Board of Legislators Chair Kenneth Jenkins (D-Yonkers) said he and Vice Chair Lyndon Williams (D-Mount Vernon) and Majority Leader Peter Harckham (D-Katonah) were validated by the ruling.

"This particular board controls the $80 million worth of contracts in the past three months that have been enacted. We really need to make sure that it's done right and that we’re protecting the people and the assets of Westchester," Jenkins said. "The judge opined from the bench this morning and said that this is so serious because that $19 million worth of contracts was on the table for today and there was a probability that we would be exposing the people of Westchester to litigation."

Democratic lawmakers argue that they voted down Astorino's appointment of Pisco as commissioner of the Department of Public Works and Transportation. The administration says the rejection vote prevented Pisco's nomination from going to a committee, not from serving as the commissioner. 

The legislators said a February law permanently replaced the Public Works and Transportation commissioner's spot on the Board of Acquisition and Contract with the budget director. The county executive and chair of the Board of Legislators occupy the two other spots.

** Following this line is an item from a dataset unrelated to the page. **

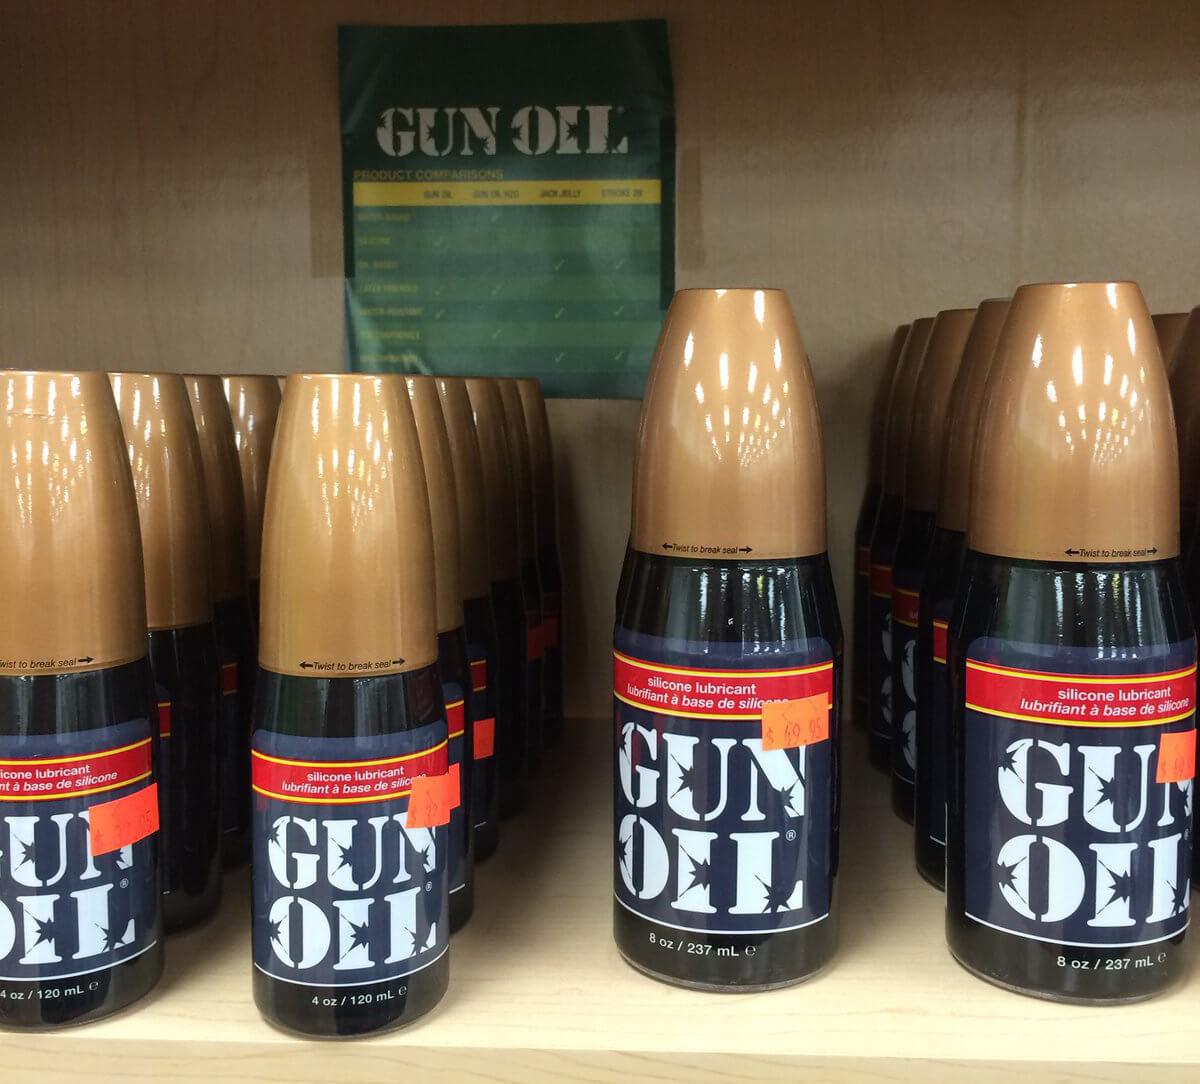 GUN OIL润滑液

Astorino's team views the law as void because, they say, altering a branch of government's power requires the public's approval in a referendum.

"These three legislators are usurping the authority of the people and the county executive and flaunting their own responsibilities to follow lawful procedures for adoption of the law," McCormack said. "Ultimately, the Astorino administration is confident that it will win."

Although Warhit has not formally ruled on the merit of the law, his Thursday ruling mentioned that the budget director and all commissioners are selected by Astorino, so swapping them on the board wouldn't alter the executive branch's power.

The case's next court date is April 9.